I noticed a couple of optimizations that you could make to your code to improve performance. The first change I made after noticing that there was a bit of unnecessary repetition in certain areas (Please forgive me for being slightly vague as it's currently 4 in the morning). Given any divisor of a number and that number itself, a second divisor can be calculated. I used this information to optimize the code to this form.

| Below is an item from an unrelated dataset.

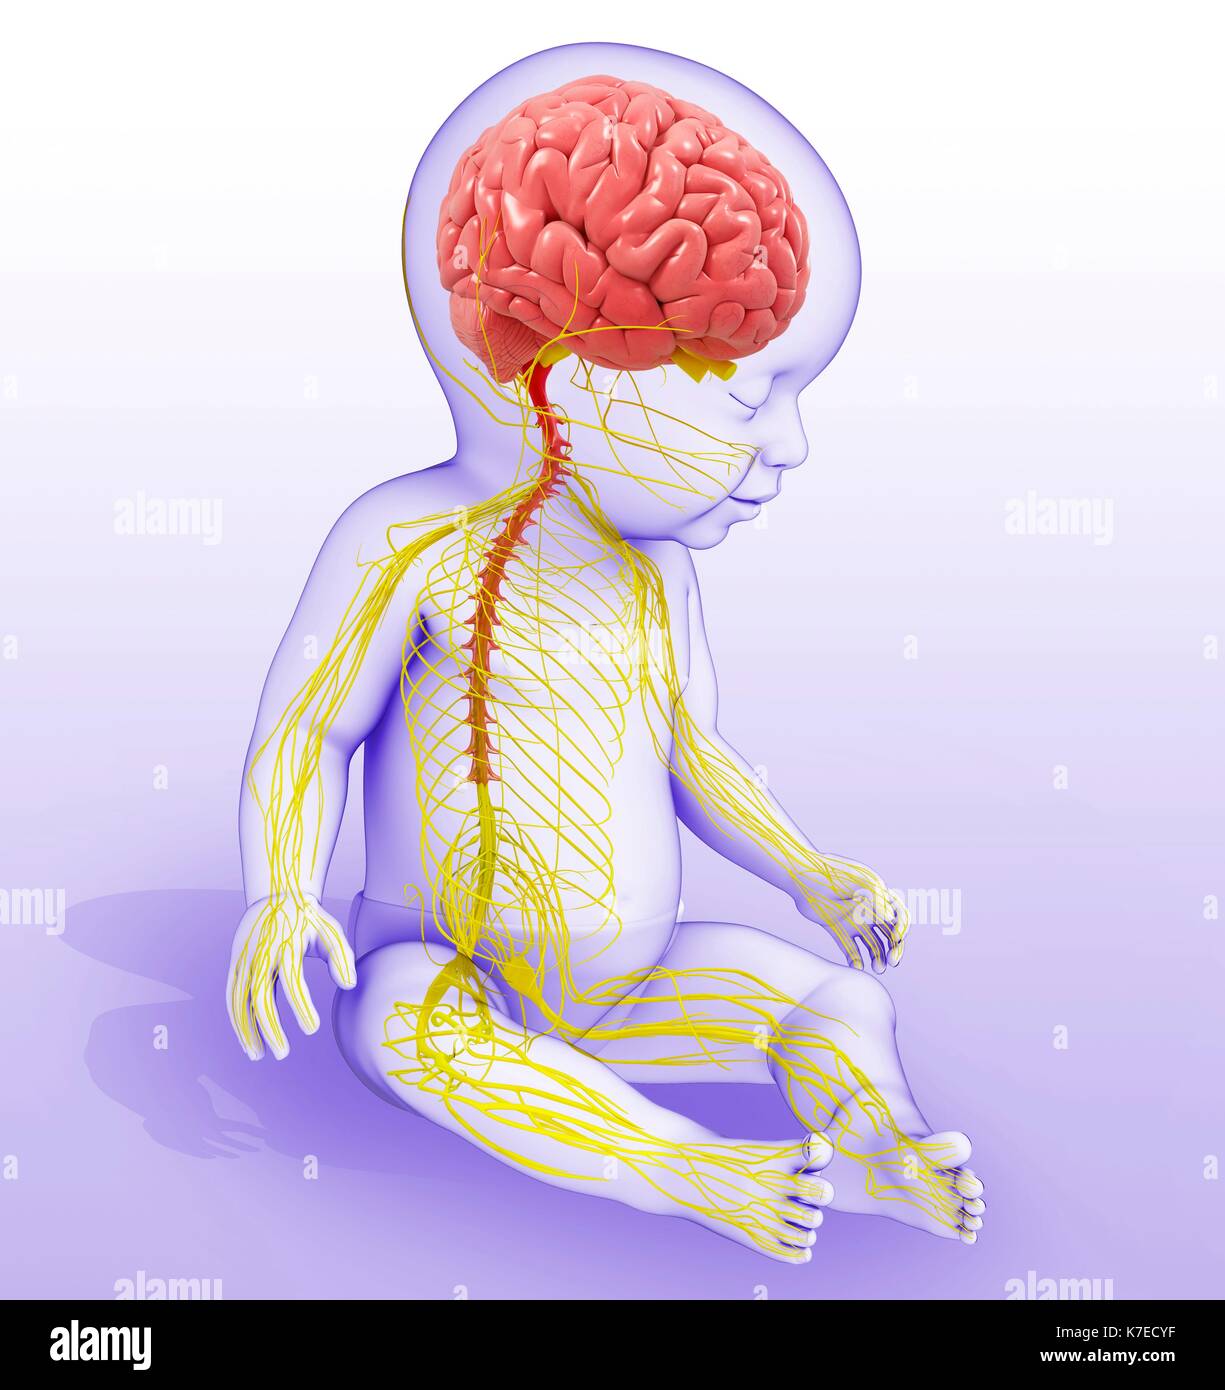 Центральная нервная система новорожденного. Нервная система ребенка. Нервная система новорожденного ребенка. Центральная нервная система ребенка. Спинной мозг ребенка и взрослого.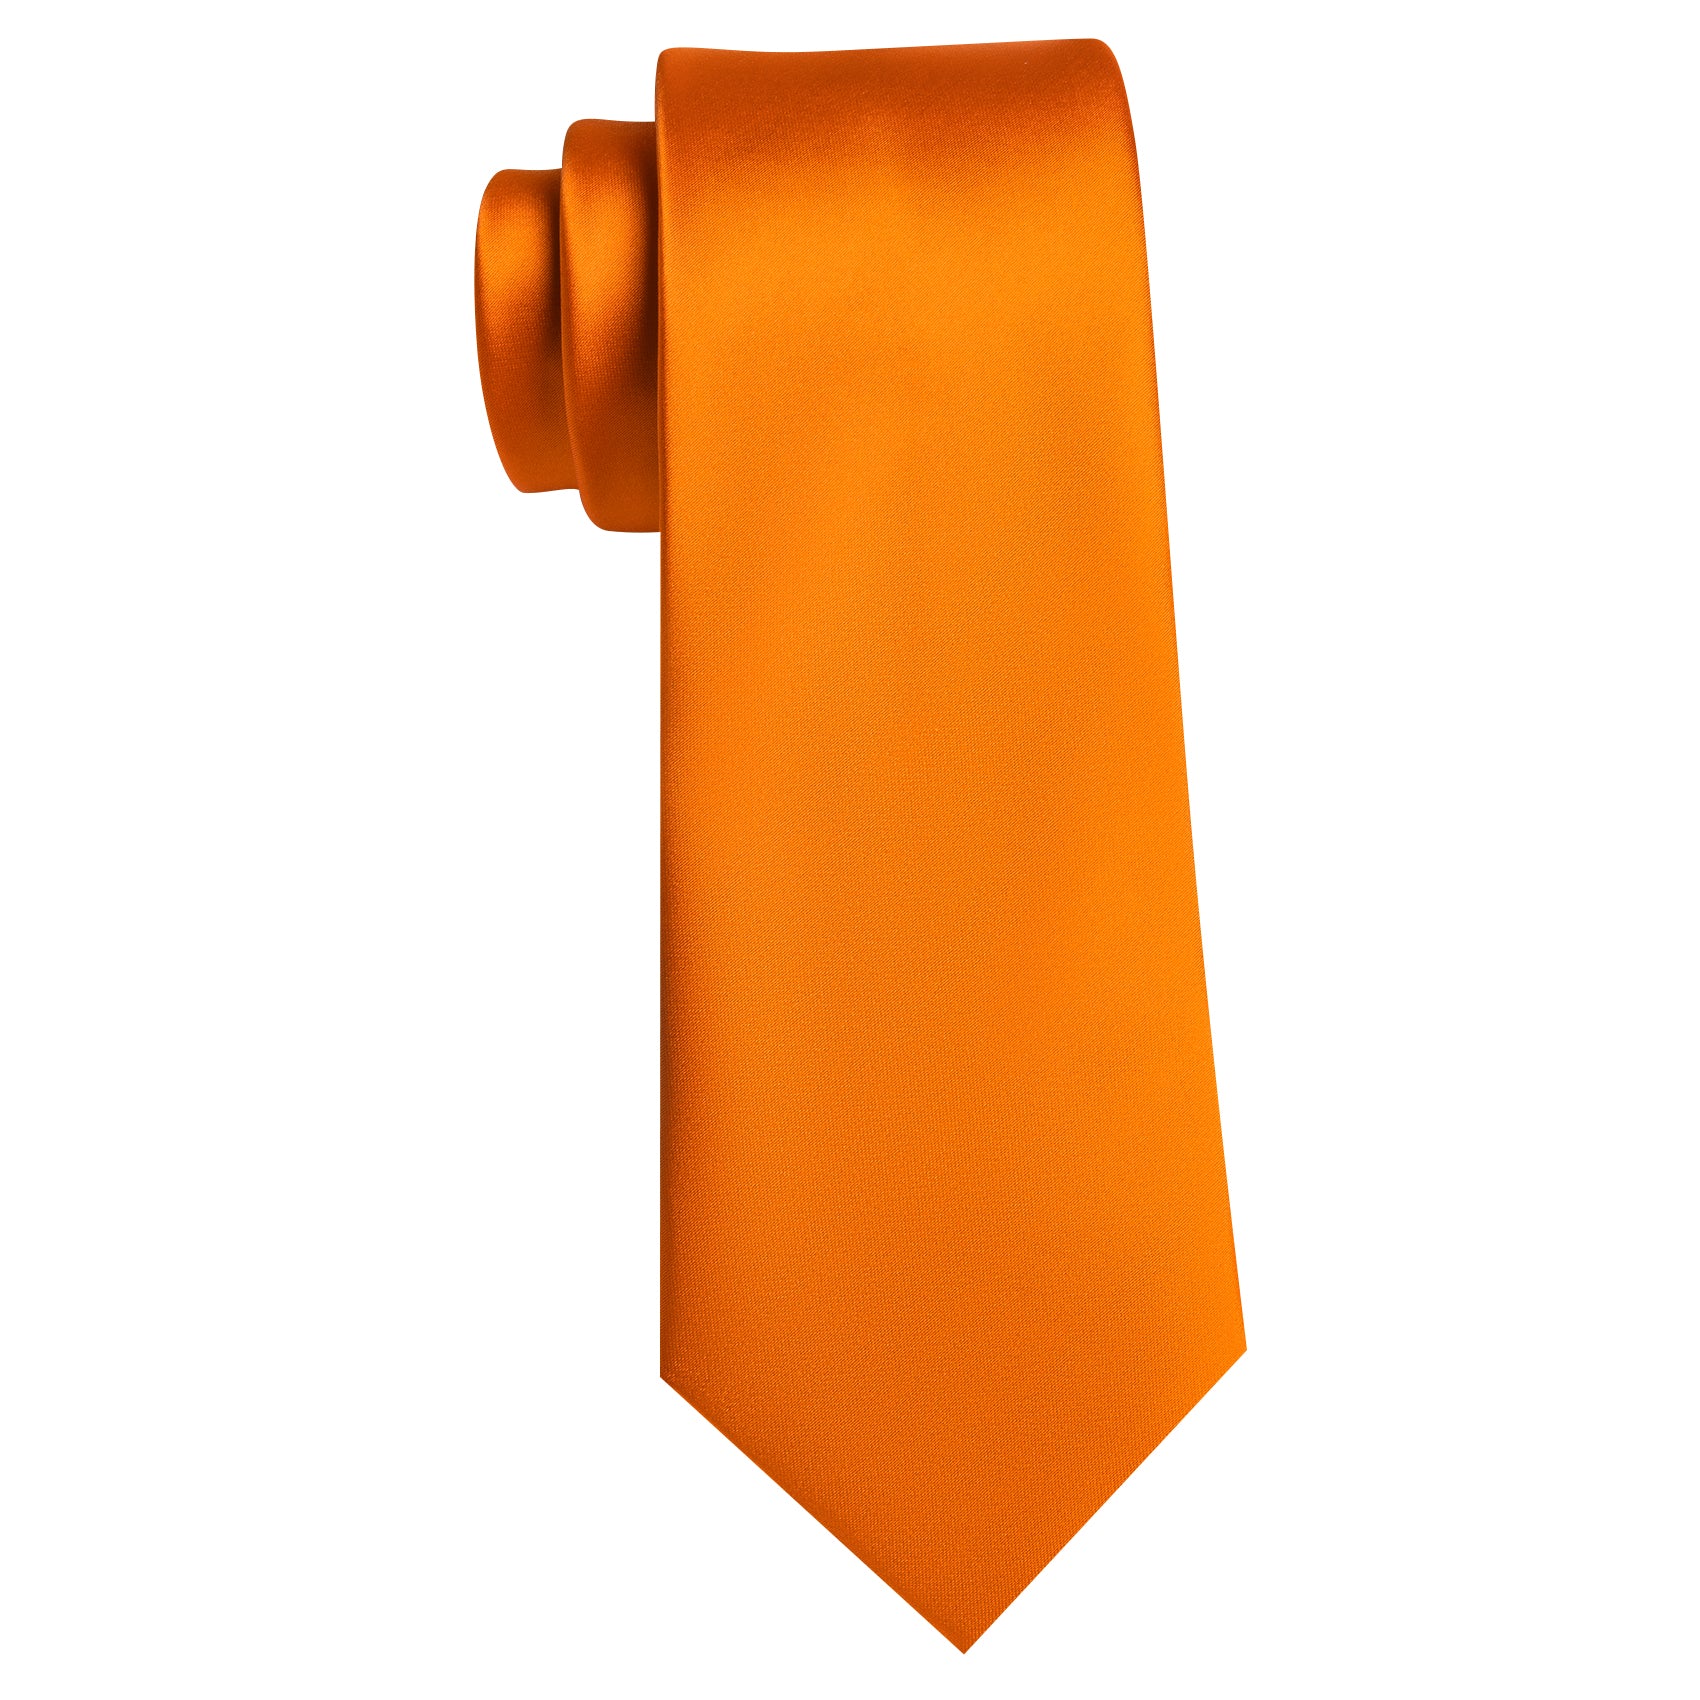 Orange Solid Silk Tie Pocket Square Cufflinks Set

def proper_divisor_sum(N):
     div_sum = [1] * (N+1)
     div_sum[0], div_sum[1] = 0, 0

     for i in range(2, int(math.sqrt(N))+1):
         for j in range(i*i, N+1, i):
             div_sum[j] += i + j//i if i != j//i else i
     return div_sum

This code is roughly 33% faster than the original function. I originally thought that I needed to have an if-statement in there to handle perfect squares and the double-counting of those squares.

I then used this code to analyze the states of each individual iteration. This is what I found:

[[0, 0, 1, 1, 1, 1, 1, 1, 1, 1, 1, 1, 1, 1, 1, 1, 1,  1, 1,  1, 1],
 [0, 0, 0, 0, 2, 0, 5, 0, 6, 0, 7, 0, 8, 0, 9, 0, 10, 0, 11, 0, 12],
 [0, 0, 0, 0, 0, 0, 0, 0, 0, 3, 0, 0, 7, 0, 0, 8, 0,  0, 9,  0, 0],
 [0, 0, 0, 0, 0, 0, 0, 0, 0, 0, 0, 0, 0, 0, 0, 0, 4,  0, 0,  0, 9]]

What I noticed was that the leading coefficients of each row progressed linearly, but the coefficients that followed obeyed a pattern. I'm sure you can work out the other patterns I saw in these numbers for yourself, but the primary thing this told me was that my previous assumption (about having to handle perfect squares) was actually a slip-up, as I had at some point forgotten that a number can't have more than one square, or I had at least accounted for the possibility in my code (Don't write code at 4 AM). Realizing this I was able to simplify the code down into its current form.

def proper_divisor_sum(N):
     div_sum = [1] * (N+1)
     div_sum[0], div_sum[1] = 0, 0

     for i in range(2, int(math.sqrt(N))+1):
         div_sum[i*i] += i
         for j in range(i*i+i, N+1, i):
             div_sum[j] += i + j//i
     return div_sum

This final function is roughly 40% faster than your original function.